Bug 54385 - SSL configuration independent from virtual hosts, automatic certificate selection.
Summary: SSL configuration independent from virtual hosts, automatic certificate selec...
Status: NEW
Alias: None
Product: Apache httpd-2
Classification: Unclassified
Component: mod_ssl (show other bugs)
Version: 2.5-HEAD
Hardware: PC Linux
: P2 enhancement (vote)
Target Milestone: ---
Assignee: Apache HTTPD Bugs Mailing List
Depends on:
Reported: 2013-01-08 09:57 UTC by Joachim Breitner
Modified: 2013-01-08 10:02 UTC (History)
0 users


Note You need to log in before you can comment on or make changes to this bug.
Description Joachim Breitner 2013-01-08 09:57:23 UTC
With one certificate covering all hosted domains (using wildcard domains and/or subject alternative name entries), it is possible to
 * have all SSL configuration in one place.
 * define one virtual host once and serve both HTTP and HTTPs

This works by having only one virtual host with ssl configuration. This virtual host is not actually used (and the ServerName may be anything): Before the SSL handshake, apache looks only at that virtual host, sends the certificate, then recieves the request with the Host: header and re-selects the right virtual host.

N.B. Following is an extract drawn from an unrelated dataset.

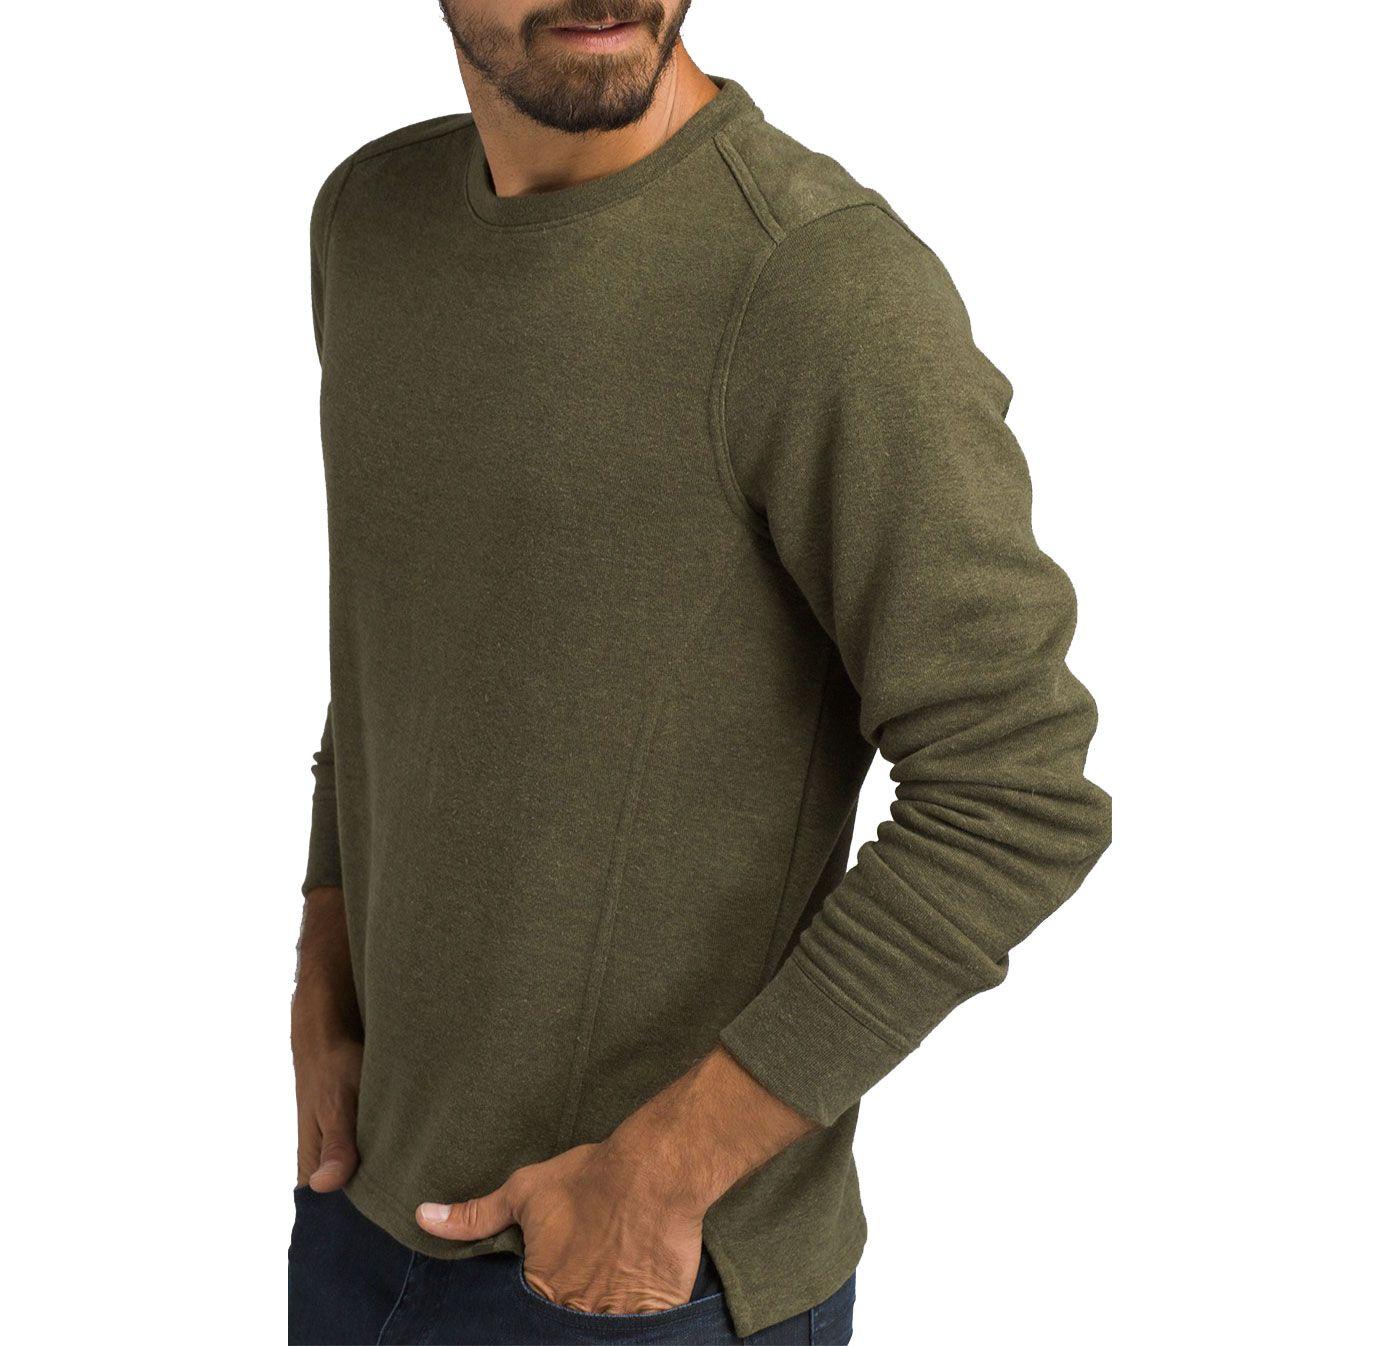 prAna Men's Norcross Crew Long Sleeve Shirt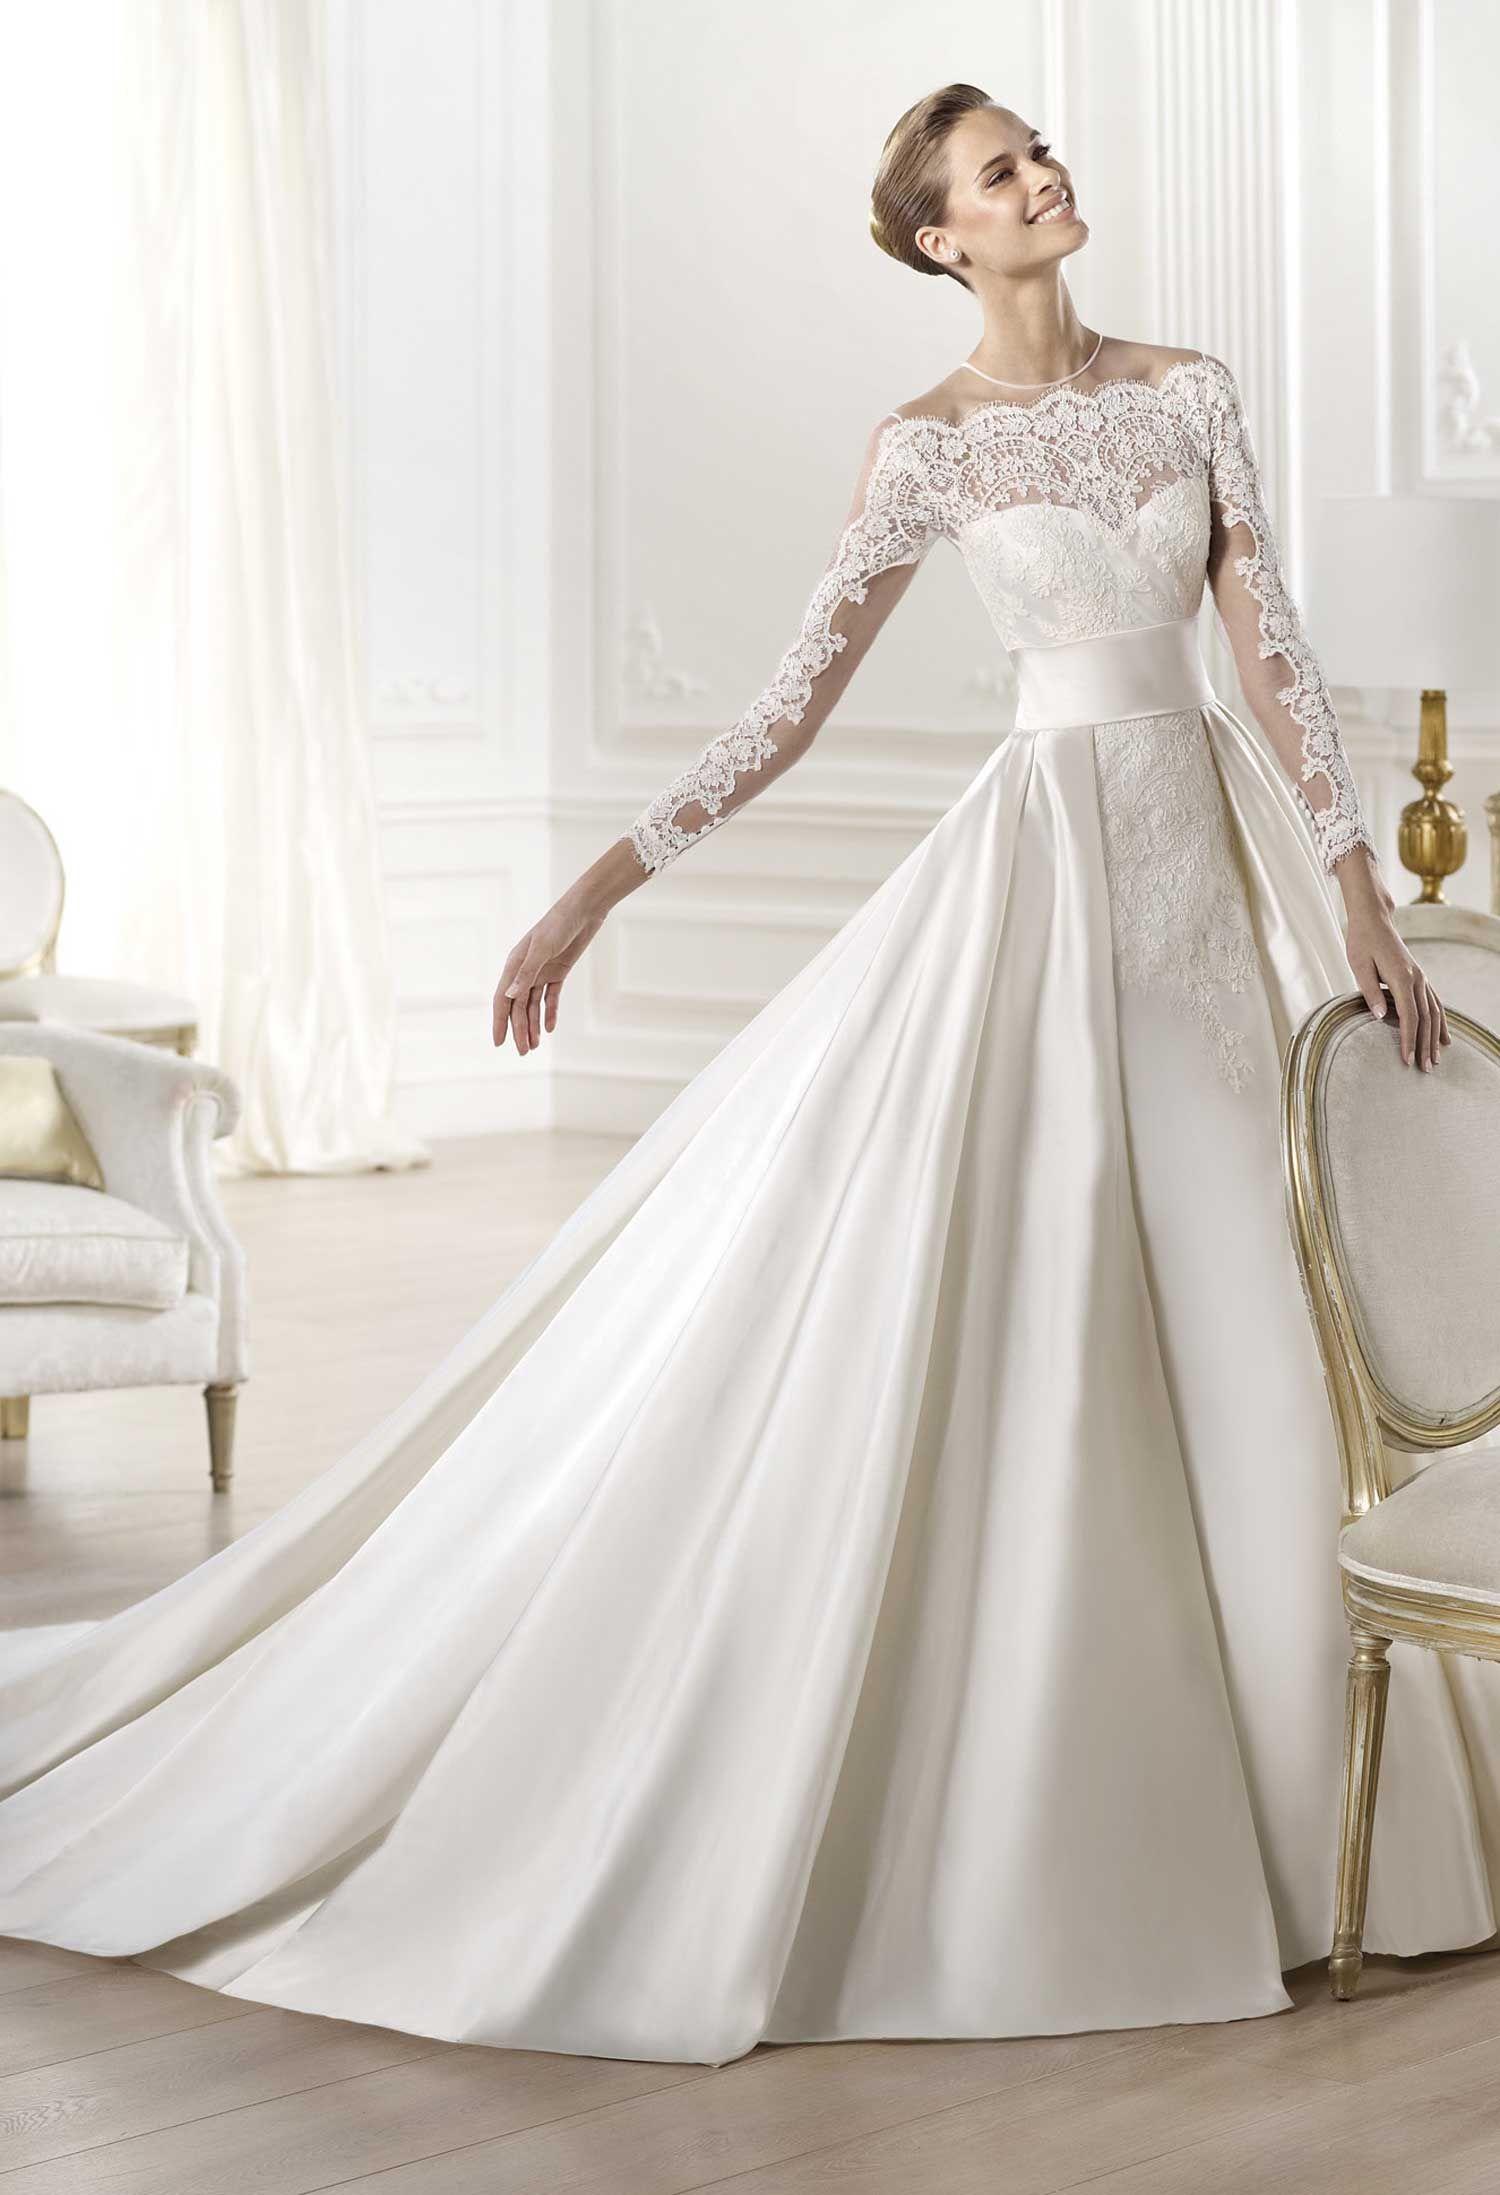 73cceb085d49 Stilisti abiti da sposa torino

It is not possible to obtain the same level of convenience with multiple certificates and SNI: Now I do need to configure SSL for each virtual host idependently. Worse, I need to duplicate every virtual host configuration, because the same configuration can no longer server both SSL and non-SSL (unless the patch in 47256 is included).

Worse: If I have  larger number of domains that I want to handle in a single virtual host (e.g. using mod_rewirte magic), I still need to duplicate the configuration if I need to show separate certificates for different domains.

It would be nice if I could, in my original setup with the single „dummy“ SSL virtual host, multiple certificates (or even a whole directory), and have apache select the right certificiate by matching the SNI data against the CN and SAN entries of the ceritificate, showing the client the first one that matches.

After the SSL handshake, virtual host selection would work as before, i.e. based on the ServerName attribute.

This would entangle virtual host configuration and SSL configuration, which I think is a good thing in many use cases.
Comment 1 Joachim Breitner 2013-01-08 10:02:00 UTC
A suggested change would be to have, in addition to SSLCertificateFile, a SSLSNICertificateFile directive that can be used multiple times. mod_ssl will then first go through all certificates mentioned in SSLSNICertificateFile and use the first one with a matching name. If none matches, SSLCertificateFile is used. 

It seems to me that this would be a non-intrusive local change.